# Extracted information:
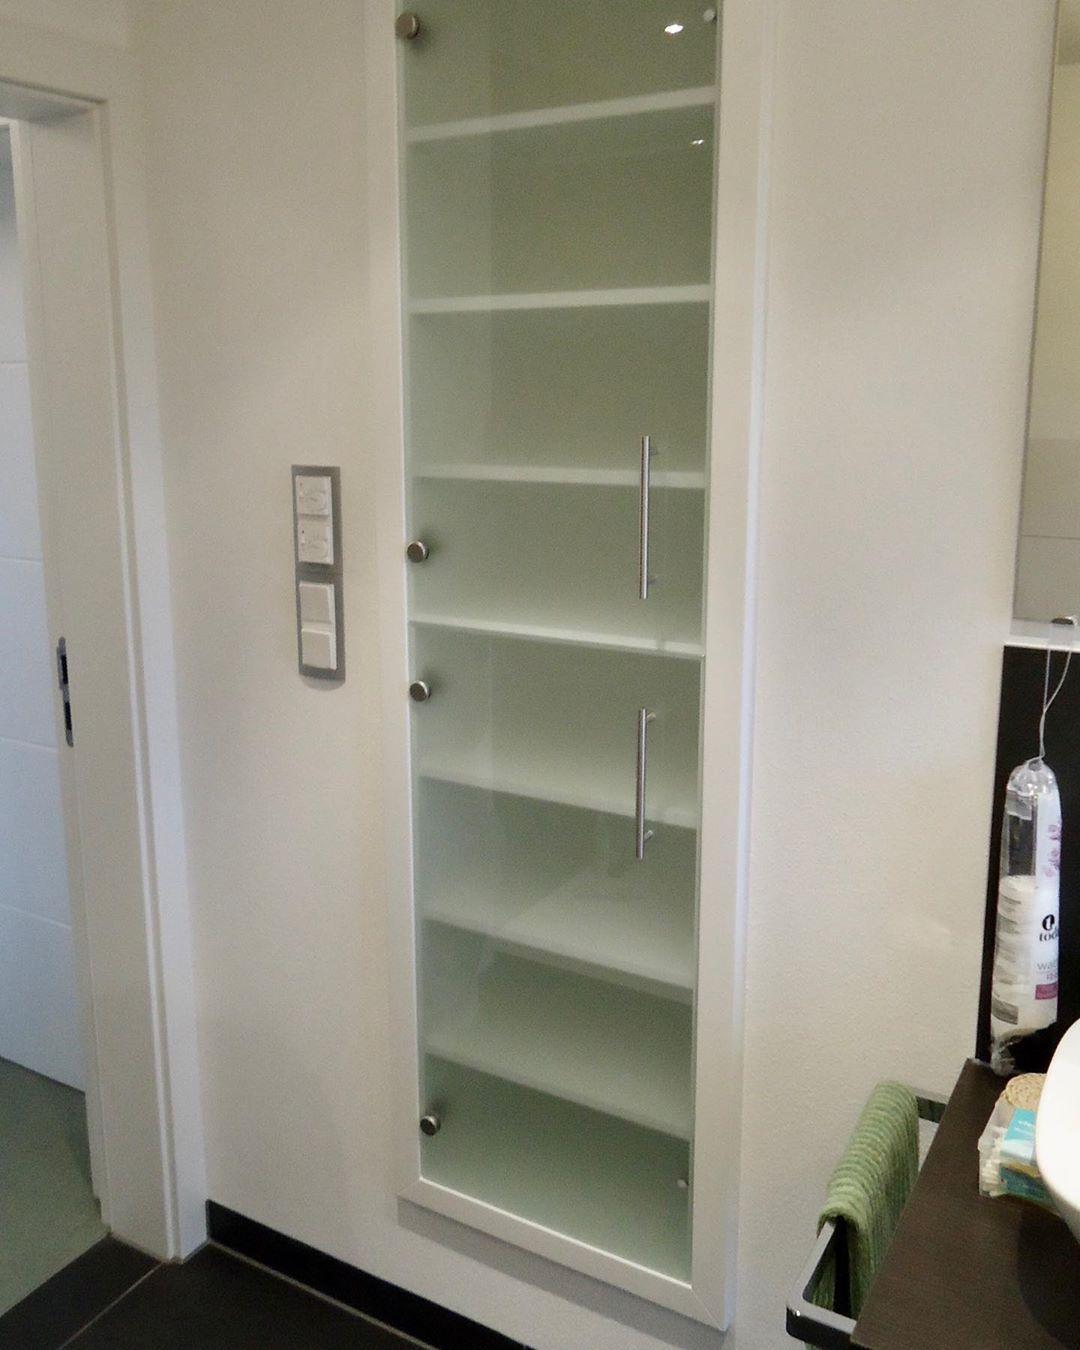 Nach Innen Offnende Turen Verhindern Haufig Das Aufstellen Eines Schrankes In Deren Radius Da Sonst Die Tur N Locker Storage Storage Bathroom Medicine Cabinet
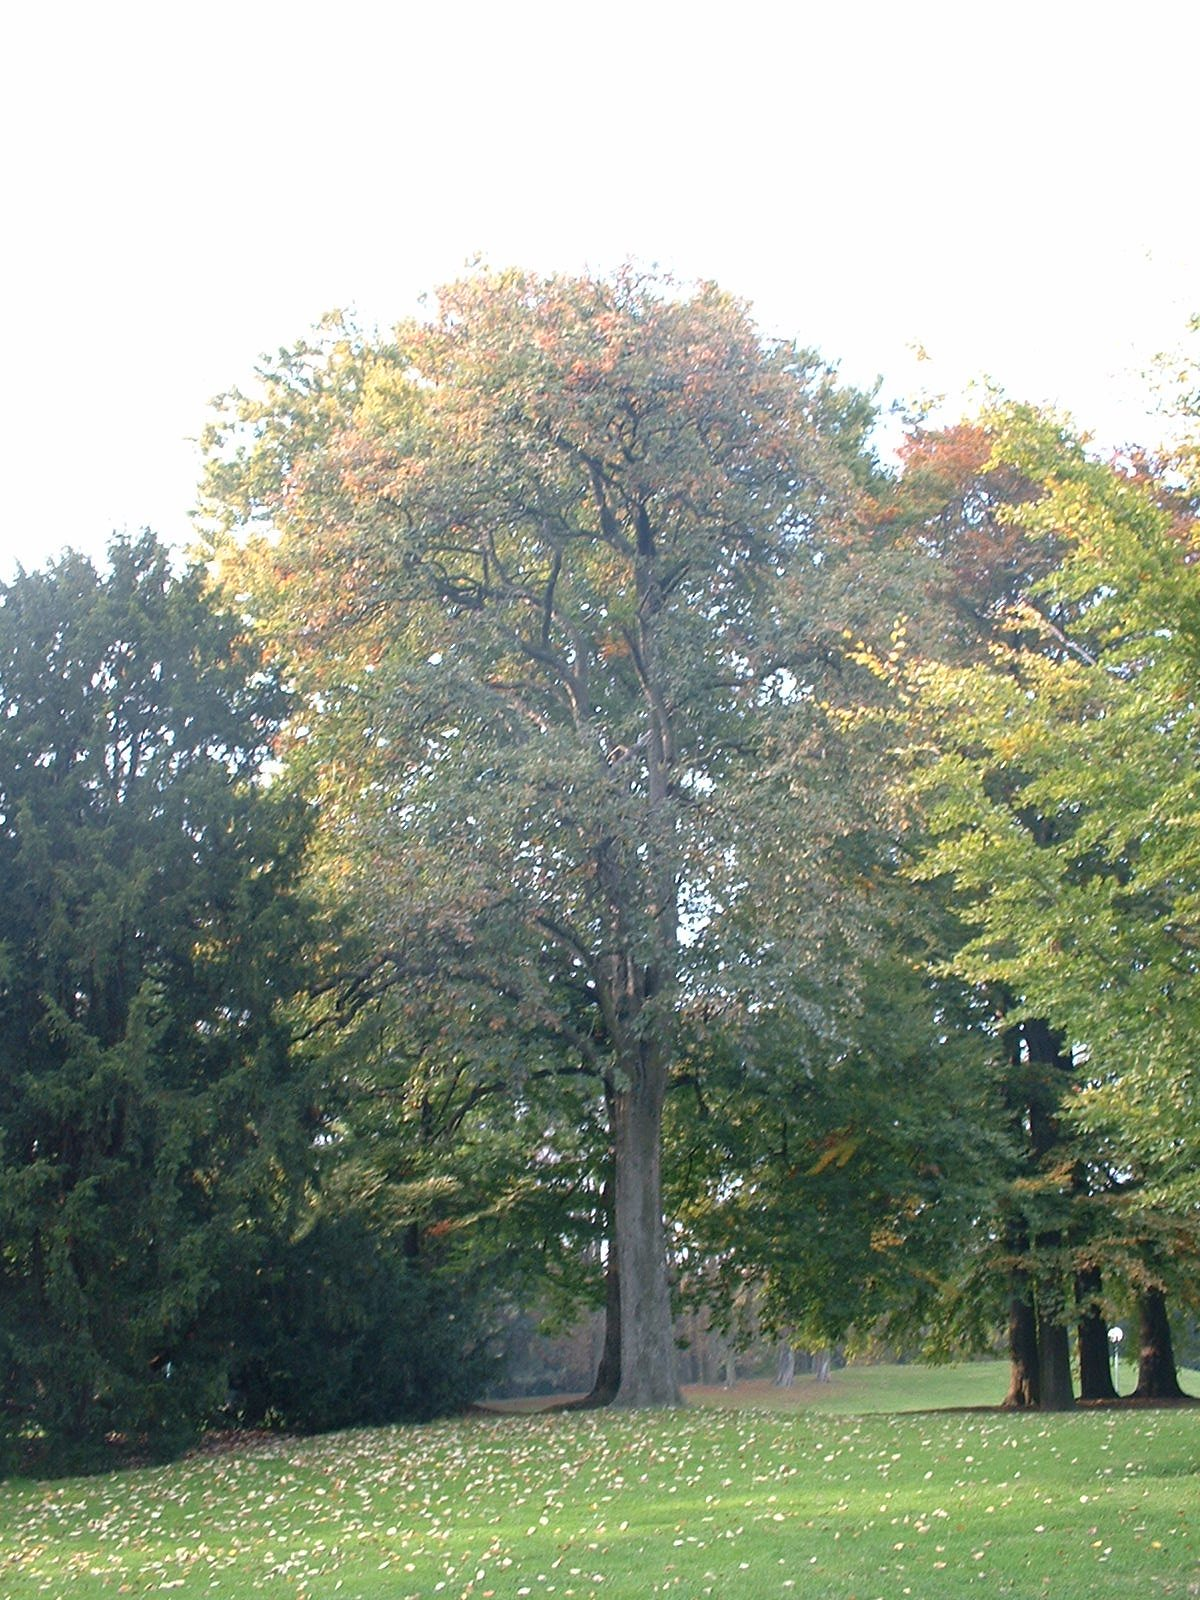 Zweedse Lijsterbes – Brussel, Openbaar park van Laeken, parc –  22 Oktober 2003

---

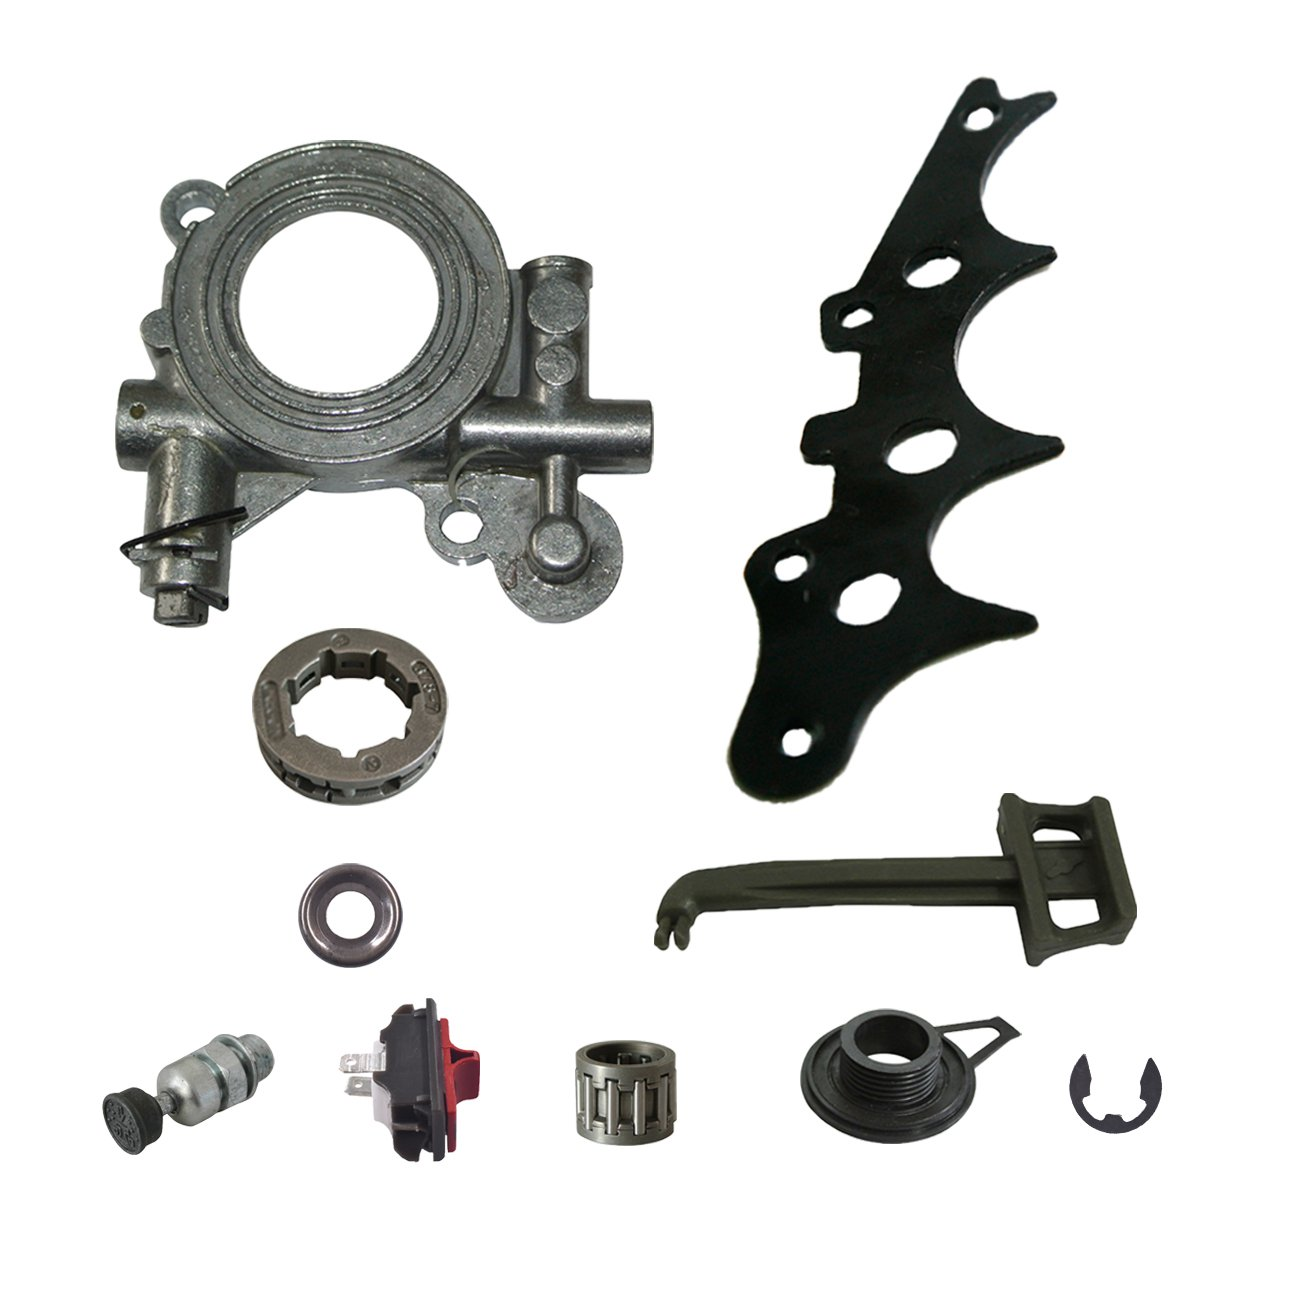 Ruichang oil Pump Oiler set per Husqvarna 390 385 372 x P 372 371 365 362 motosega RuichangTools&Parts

# What the task asks:
When you reach the line with "Nach Innen Offnende" in the records above, begin repeating the lines exactly, and stop after the line with "Zweedse Lijsterbes –". Skip all pictures.

# Task response:
 Nach Innen Offnende Turen Verhindern Haufig Das Aufstellen Eines Schrankes In Deren Radius Da Sonst Die Tur N Locker Storage Storage Bathroom Medicine Cabinet
 Zweedse Lijsterbes – Brussel, Openbaar park van Laeken, parc –  22 Oktober 2003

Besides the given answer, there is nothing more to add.